Маша знала, что носит фамилию матери потому, что фамилия отца и он сам их дому давно не принадлежали. Но трансформировать ту историю на свою судьбу не желала… Не отсутствие у дочери
Вслух она Вадима не осуждала, понимая бесполезность таких инъекций. Но внушала Маше, что только независимость от мужчин обеспечивает женщинам надежность и счастье. Дочь ее не была подневольной, но и надежного счастья не обретала.

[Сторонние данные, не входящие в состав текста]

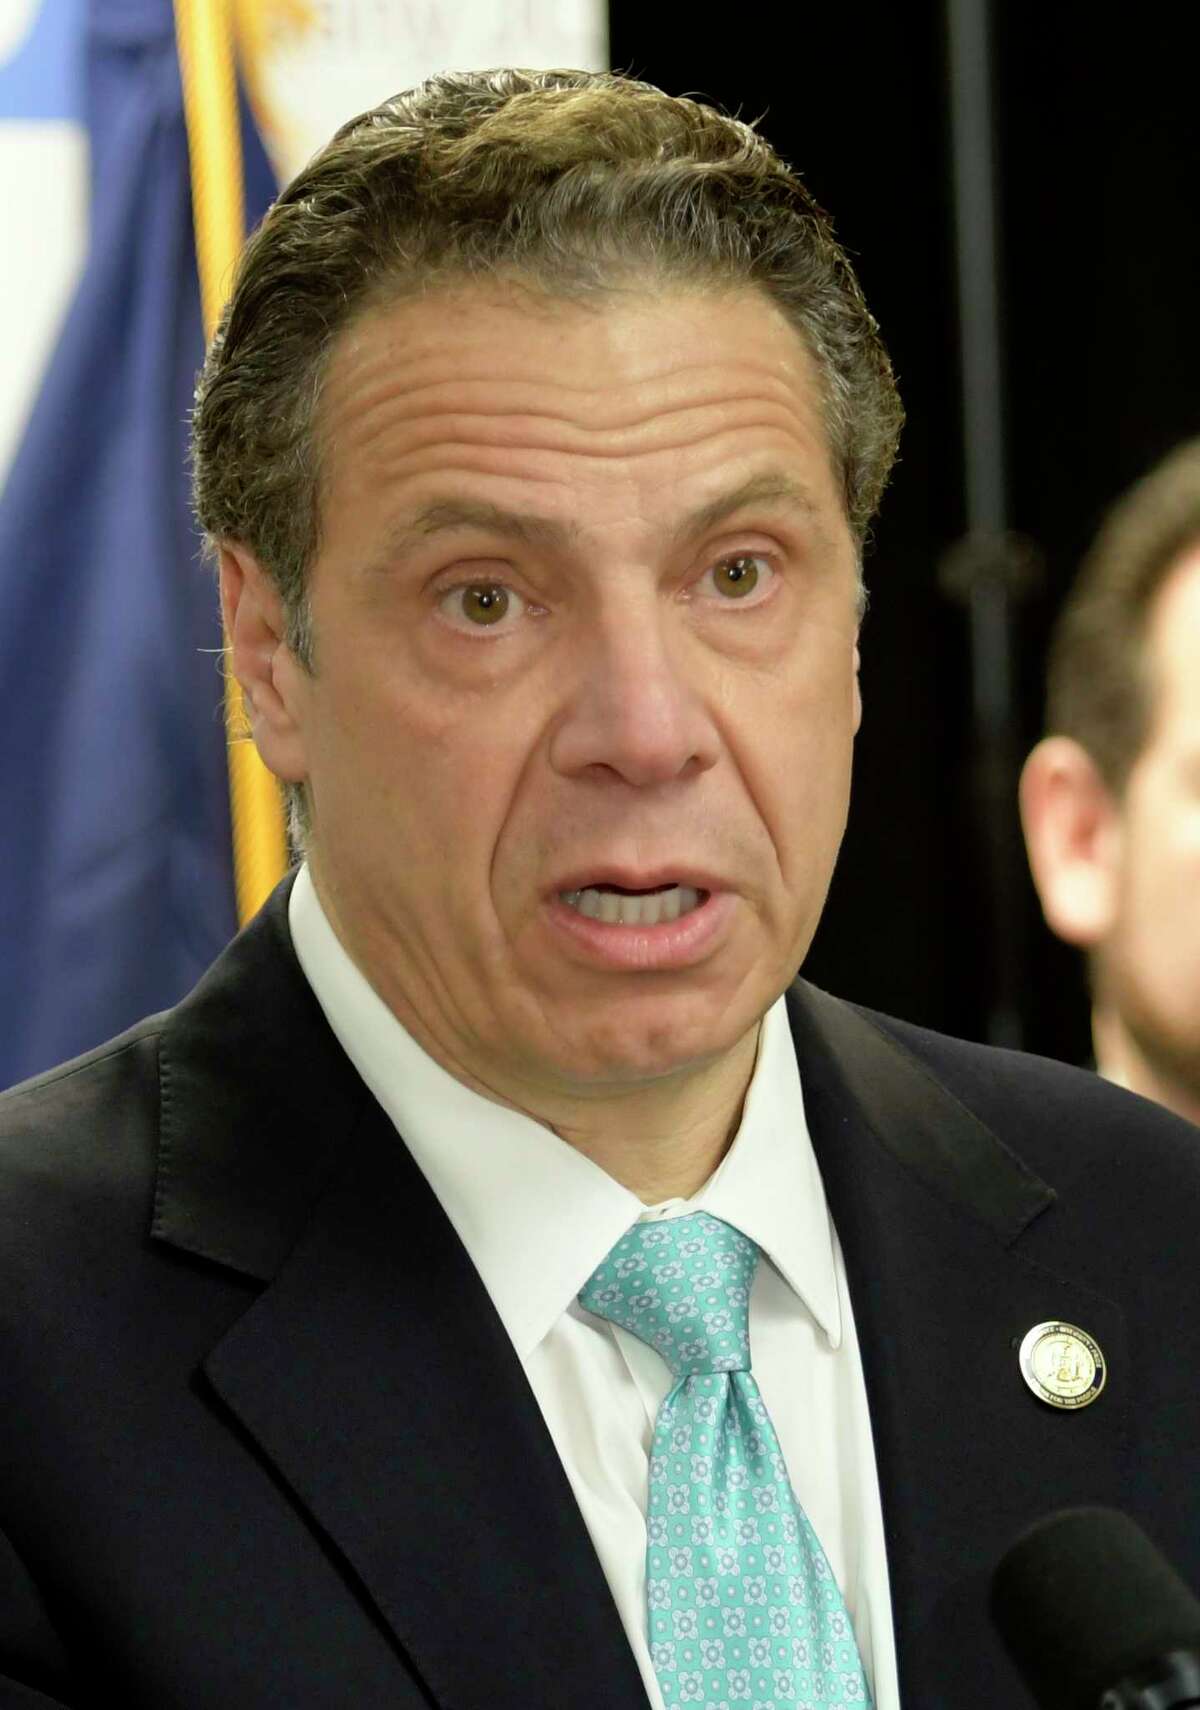 Governor Andrew Cuomo speaks at a press conference on the subject of hate crimes held at the Sidney Albert Albany JCC Wednesday Mar, 1 2017 in Albany, N.Y. (Skip Dickstein/Times Union)

«Вот окончим институт, поступим в аспирантуру… — оттягивал Вадим. — Вот окончим аспирантуру, получим назначение… Ты же знаешь, что я могу за тебя умереть!» Она не сомневалась, что может.
Так и протянулось около девяти лет.
— Печатью заверенный брак припечатал бы нас еще не устроенным бытом. И всяческой прозой. А так… ожидания и свидания. Романтика спасена! — увещевал ее Парамошин.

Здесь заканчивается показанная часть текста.